[Answered]According to the recent World Economic Forum’s Global Gender Gap Index 2020, the participation of women in the labour force is among the lowest in the world. What are various reasons for this? Suggest some measures to reduce gender gap in India.

Demand of the question

Introduction. Contextual introduction.

Body. Reasons for low labour force participation of women in India. Measures to reduce gender gap in India.

Conclusion. Way forward.

 The female labor force participation rate (FLFPR) in India has been one of the lowest among the emerging economies and has been falling over time. India has slipped to the 112th spot from its 108th position in 2018 in the World Economic Forum’s Global Gender Gap Index 2020. According to the report, the participation of women in the labour force is among the lowest in the world, and the female estimated income is only 1/5th of the male income. Gender equality in every field is a prerequisite for any country to progress which therefore warrants a closer look at the labor force participation in India.

Reasons for low labour force participation of women in India:

  1. Lack of opportunities: In recent times, rural distress has affected women the most, as income-generating opportunities have disappeared. Mechanisation of farm and non-farm activities has reduced opportunities for work. Further, the non-availability of white collar jobs, disproportionate long hours and lesser job security narrow downs the job opportunities for educated women in India.
  2. Women education: Work participation drops sharply for women with primary and secondary education and rises only with college-level education. Data from the National Sample Survey Office (NSSO) show that there is a subsequent decline in employment with the rise in education levels.
  3. Unpaid work: The time spent on unpaid work, especially on unpaid care and domestic chores has hindered women’s participation in the labour force. A recent study has found that the time spent on unpaid economic activities performed at the household and community levels by women is one of the important determinants of the FLFPR.
  4. Gender bias: Constraints in form of casteist and patriarchal notions of purity where women are prohibited from certain jobs, especially in the food processing, sericulture, and garment industries has added to the low participation.
  5. Changing family nature: With a reduction in family sizes and distress migration of rural males, the burden of unpaid work on women has been increasing disproportionately. The burden of domestic work and unpaid care inhibits women’s ability to acquire skills for better jobs, leading to a vicious cycle of women being kept out of the labor force.
  6. Other factors: Like lack of sanitation, sexual harassment at workplace, unsafe travelling, poor childcare facilities and care homes for the elderly etc. has prevented women from working in the industries.
  7. Feminisation of the workforce: It is seen that at many places pink colour jobs are reserved exclusively for women e.g. hospitality sector etc. Also the courses are marked as male and female friendly e.g. mechanical engineering and other industrial courses are deemed not favourable for female jobs. This has led to less women participation.

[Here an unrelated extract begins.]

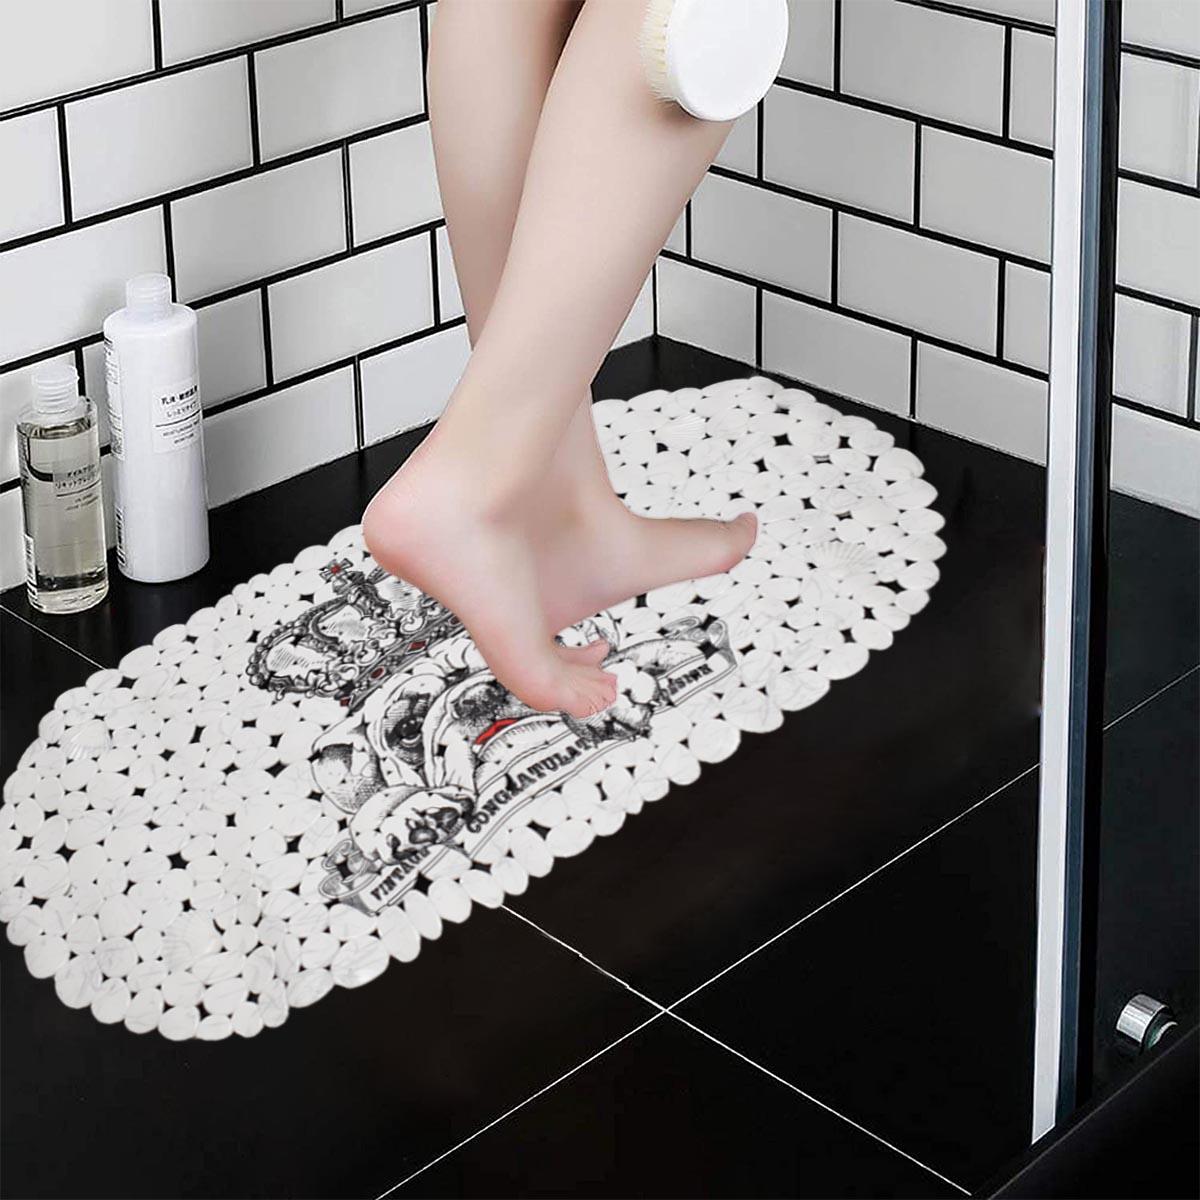 Kookee PVC Bath Mat Non-Slip Pebble Bathtub Mat L=69cm x W=35cm (for Smooth/Non-Textured Tubs Only) Safe Shower Mat with Drain Holes, Suction Cups for Bathroom (92-4935)

Measures to reduce gender gap in India: Low women participation in labour force is one of the indicators of gender gaps and biases that exist in society. Below are some measures to reduce gender gap:

  1. Education: Women literacy gap must be reduced by ensuring the safety of the women in the schools and through better infrastructure. It is important especially to reduce patriarchal mindset of the society.
  2. Financial awareness: Increasing women’s economic independence through improving financial literacy, access to financial services and assisting women to develop their employment prospects is important.
  3. Rights awareness: It is important to work on vulnerable populations to enable the realisation of basic human rights. It is important, especially in rural areas where women undergo atrocities which perpetuate and continue as a vicious cycle.
  4. Skill development: Skill development through skill education for low-income women is needed. It would enable them to manage their lives better. Initiatives such as Skill India, Make in India are important steps.
  5. Community participation: It is important to make society and community realise about women’s rights and their well-being.
  6. Policy formulation: The meaningful involvement of women and men affected by gender-based violence in the design and delivery of services and advocacy and policy response through the provision of technical assistance should be encouraged. Gender budgeting should be encouraged.

Women continue to face many barriers to enter the labour market and to access decent work and disproportionately face a range of multiple challenges related to employment and balancing the competing burdens of work and family responsibilities. The goal is not merely to increase female labour force participation, but to reduce overall mindset and gender gap.